Because the individual Defendant ignored its directive to attend the November 22 damages hearing, the District Court issued an order on that date, directing the Defendant to show cause by December 6, 2013 why he failed to comply with the Court's order and warning the Defendant that any further failure to comply would result in the granting of adefault judgment against him.13 The Defendant also ignored this show cause order. The District Court subsequently found that the Defendant had failed to participate in the case since the withdrawal of his counsel in April 2013, including his failure to respond to the Plaintiff's Motion for Partial Summary Judgment against him and his repeated failures to abide by the Court's orders to appear.14 The District Court further found that there was no evidence that the Defendant's noncompliance was due to a good faith mistake or excusable neglect15 and that it was more properly characterized as "outright defiance."16 Nevertheless, the District Court examined whether, despite such defiance, the Defendant should be held personally liable for the willful copyright infringement. The District Court found, on the basis of the evidence submitted, including the Defendant's own concessions, that the individual Defendant was the "sole member, manager, president, and director of Over Drive" and that the Defendant "knew of and controlled" his company's "creation, copying, distribution, and use of the Infringing Work."17 It further found that the individual Defendant "had the authority and influence within the corporation to expose himself to liability for Over Drive's act of infringement."18 Thus, the DistrictCourt, in a final judgment entered against the Defendant on December 9, 2013, held the individual Defendant jointly and severally liable for the $82,500 in statutory damages and the $70,980.60 in attorneys' fees and costs, plus accrued interest, as a joint tortfeasor responsible for the willful copyright infringement (the "Federal Court Judgment").19 No appeal of the Federal Court Judgment was prosecuted.
Seven months later, on July 10, 2014, Defendant filed a voluntary petition for relief under Chapter 7 of the Bankruptcy Code in this Court.
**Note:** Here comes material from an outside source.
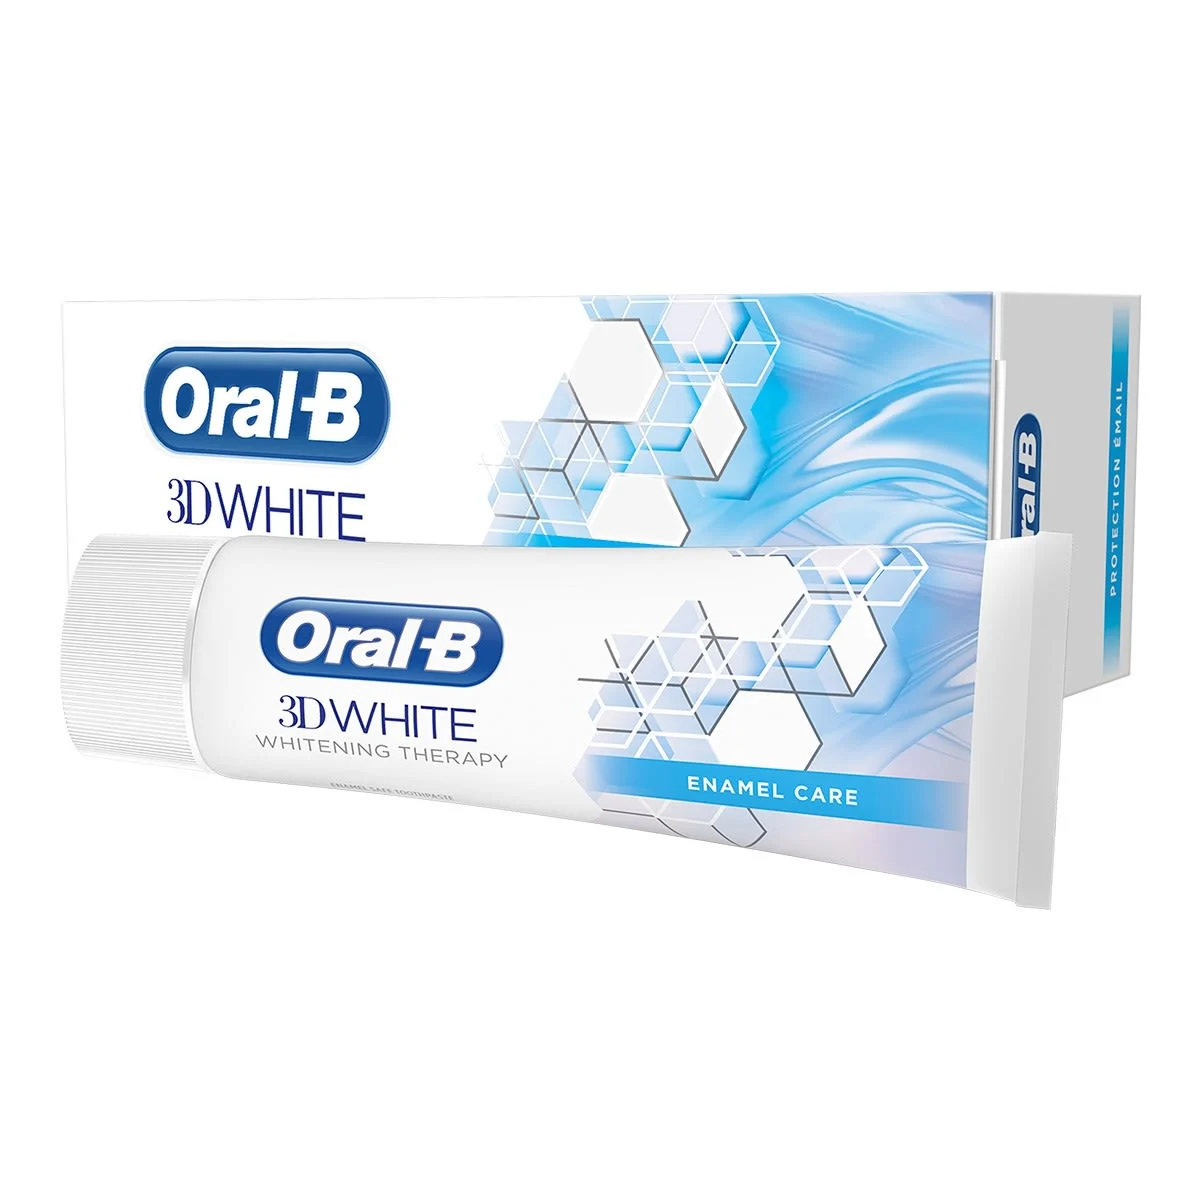 Oral-B 3D White Whitening Therapy Tandkräm 75 ml, Enamel Care 
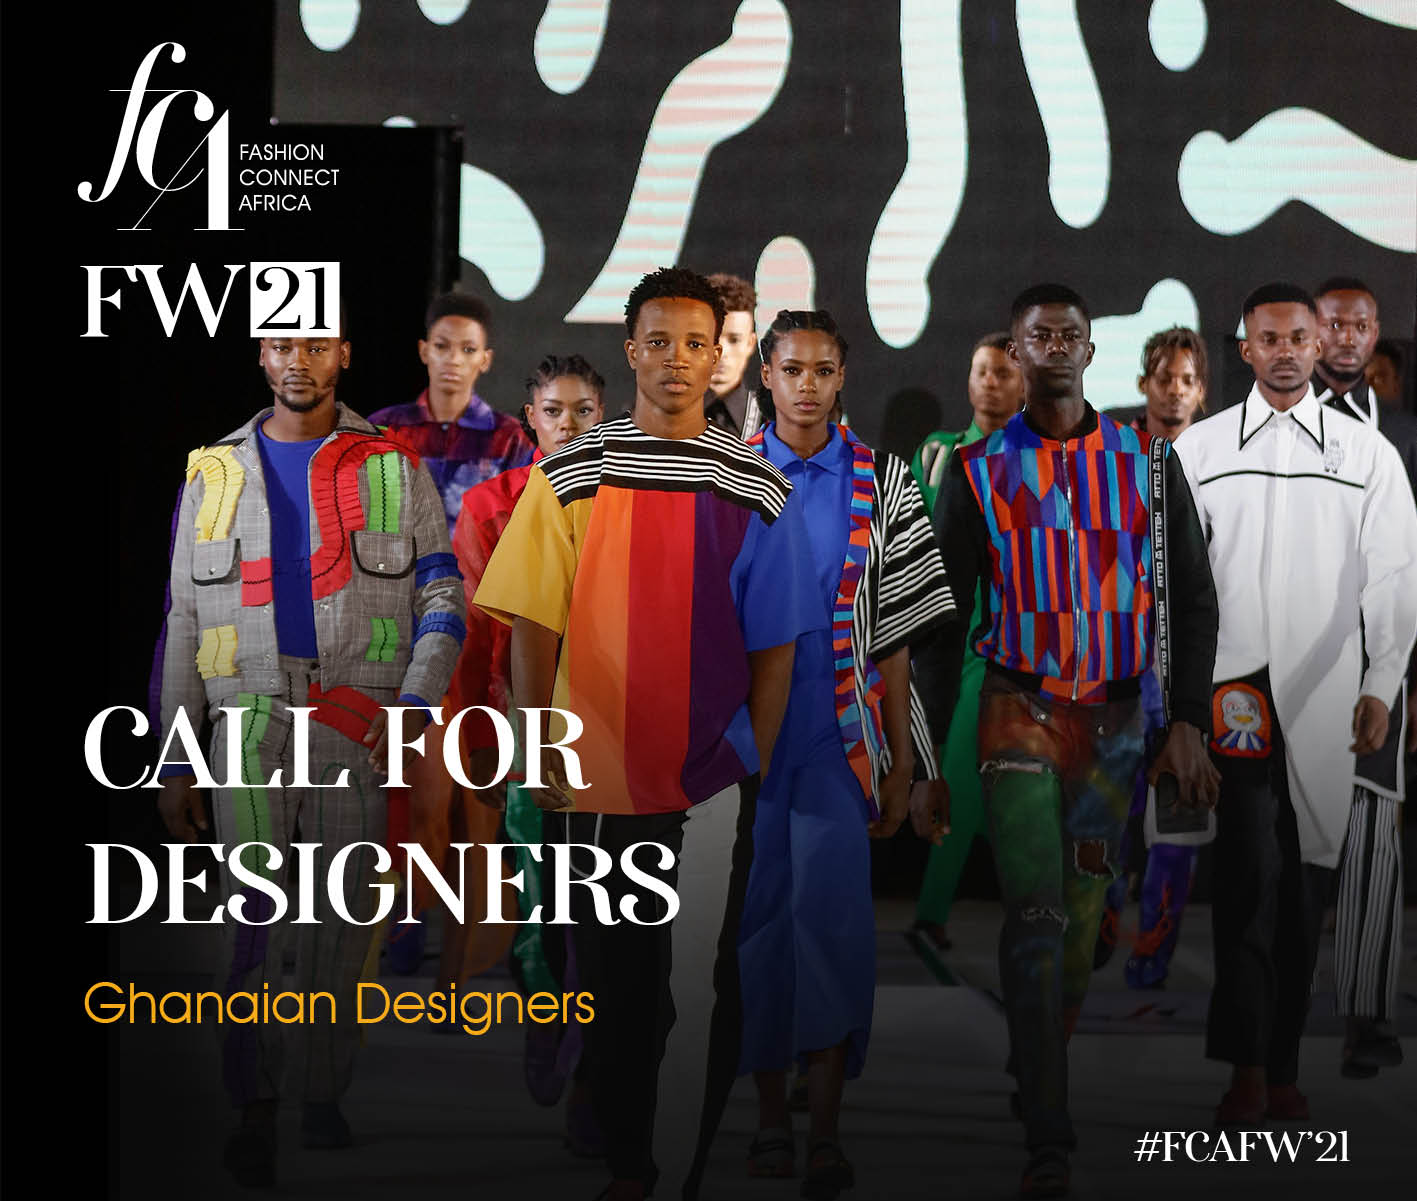 FCA Call for Ghanaian Designers

The underlying bankruptcy case was assigned to the Honorable Brenda T. Rhoades. Three months later, on October 7, 2014, Plaintiff filed its adversary complaint to determine the nondischargeability of the debt memorialized by the Federal Court Judgment (hereafter "Plaintiff's Complaint"). On or about May 7, 2015, Plaintiff filed the motion for summary judgment under present consideration (hereafter "Plaintiff's Motion"), seeking a determination that the Federal Court Judgment should be declared nondischargeable under § 523(a)(6) as a "willful and malicious injury."20 Relying on principles of issue preclusion, Plaintiff alleges therein that the factual issues underlying its cause of action for nondischargeability were actually litigated in the federal district court in Dallas and that, in light of the entry of the Federal Court Judgment, this Court is precluded from deciding those issues again. The Defendant has filed a response in opposition to the Plaintiff's Motion and the Plaintiff has presented a reply to that response.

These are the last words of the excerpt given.